Physical examination revealed unilateral cryptorchidism and abnormal streaming of the hair at the lumbosacral region surrounding a crusted defect in the skin (Figure 1). Clear fluid, presumed to be cerebrospinal fluid (CSF), was leaking through the skin defect. A depression was noted when palpating caudally from the spinous process of the seventh lumbar vertebra to the sacrum, and the dog’s tail was deviated to the left. On neurologic examination, the dog had an equivocally short-strided gait in both pelvic limbs. Postural reactions and spinal reflexes were normal in all four limbs. Sensation was normal in all cutaneous autonomous zones of the pelvic limbs, penis, prepuce, and perineum. However, right-sided analgesia of the skin at the base of the tail was noted. Additionally, the dog’s perineal reflex and anal tone were normal. Mentation and cranial nerve examination were within normal limits. The dog also episodically dribbled urine, although he would posture and void urine normally as well. The neuroanatomical diagnosis was consistent with a lesion affecting sacrocaudal spinal cord segments, roots, or nerves. A spina bifida was suspected for the sacrum and first few caudal vertebrae.
Citation: Journal of the American Animal Hospital Association 50, 6; 10.5326/JAAHA-MS-6090
A complete blood count revealed anemia (hematocrit was 33.7%; reference range, 37.3–61.7%) and monocytosis (1.25 × 109/L; reference range, 0.16–1.12 × 109/L). Serum biochemical profile revealed hyperchloremia (124 mmol/L; reference range, 105–119 mmol/L), hypoproteinemia (47 g/L; reference range, 48–72 g/L), and hypoglobulinemia (21 g/L; reference range, 23–38 g/L). The blood work abnormalities were attributable to the dog’s age. Routine preanesthetic thoracic radiographs were normal with no apparent abnormalities of the caudal cervical and thoracic vertebrae.
MRI of the lumbar and sacral vertebral column was performed with the dog in dorsal recumbency using a 1.0 Tesla MRI unita and a multichannel phased array spine coil.

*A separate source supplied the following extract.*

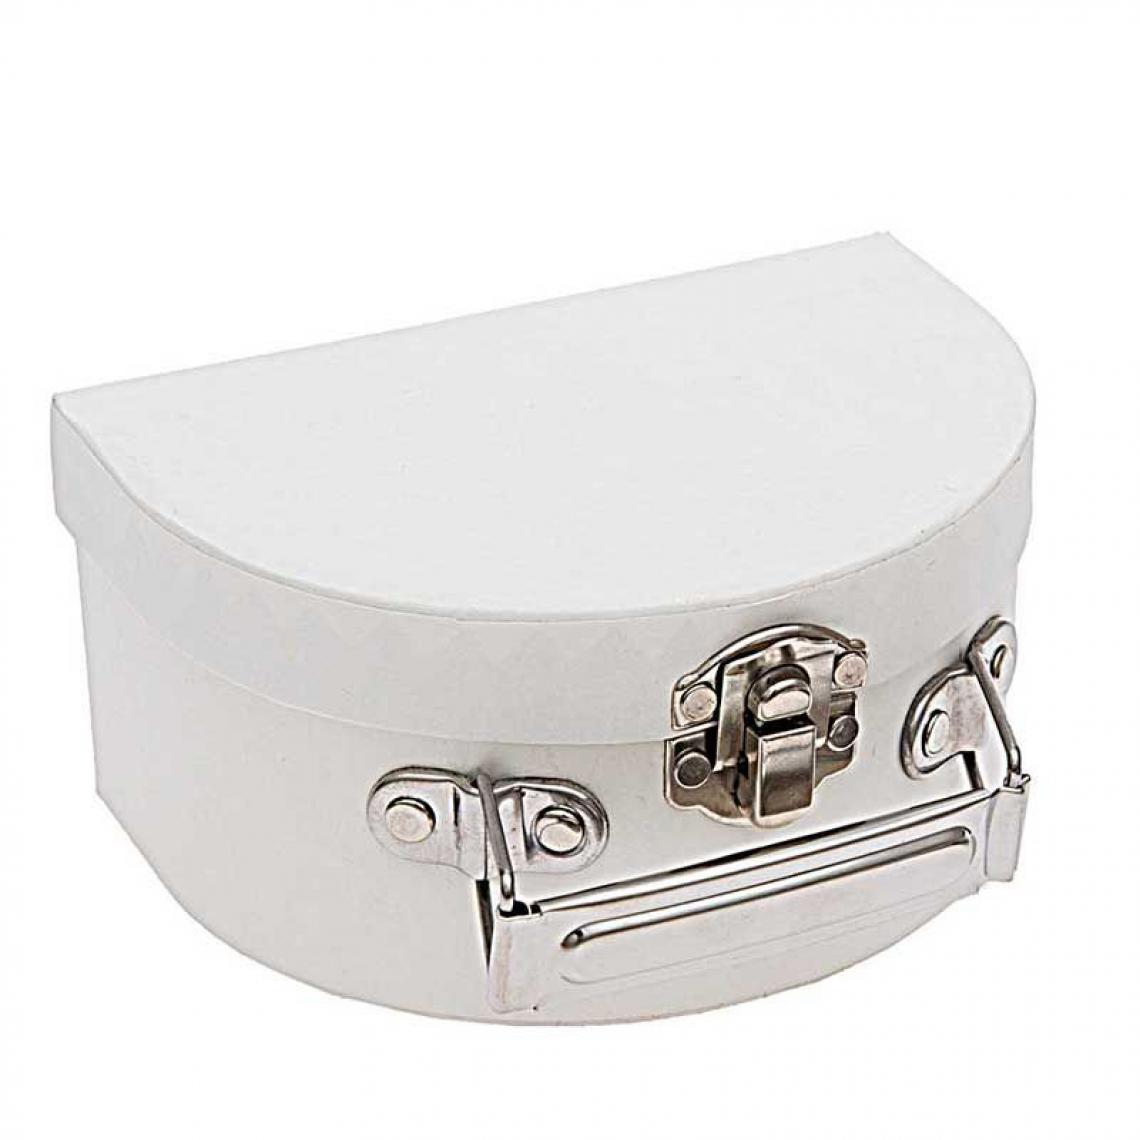 Rico - Petite valise en carton semi-circulaire blanche à décorer - 12 x 9 x 6 cm - Objets déco

T2-weighted images, T1-weighted images (T1-WI) and T1-WI following intravenous administration of a contrast agentb (0.1 mmol/kg) were acquired in sagittal, dorsal, and transverse planes. The MRI (Figure 2) revealed an incomplete dorsal lamina of the sacrum and first caudal vertebrae, which was most evident on the transverse images. The subarachnoid space extended through the absent vertebral arch into the epaxial musculature and subcutaneous fat to the overlying skin edge. At its connection with the skin, there was an obvious depression of the skin. There were several linear structures isointense to the spinal cord within the dorsally expanded subarachnoid space, which extended through the caudal vertebrae. Those linear structures were presumed to be spinal nerves coursing through the meningeal structure that extended caudodorsally from the lamina of the sacrum. Subjectively, the meningeal sac and nerves of the cauda equina that remained within the vertebral canal appeared dorsally displaced at the level of the body of the seventh lumbar vertebra and sacrum. Tissue that was hyperintense on T1-WI and T2-weighted images consistent with epidural fat was present in the space vacated by the displaced meningeal sac. The vertebral bodies of the lumbar, sacral, and caudal vertebrae were normal. Additionally, on the transverse images, the lumbosacral trunk and ischiatic nerves appeared normal. Illustrations of the malformation have been provided in Figure 3.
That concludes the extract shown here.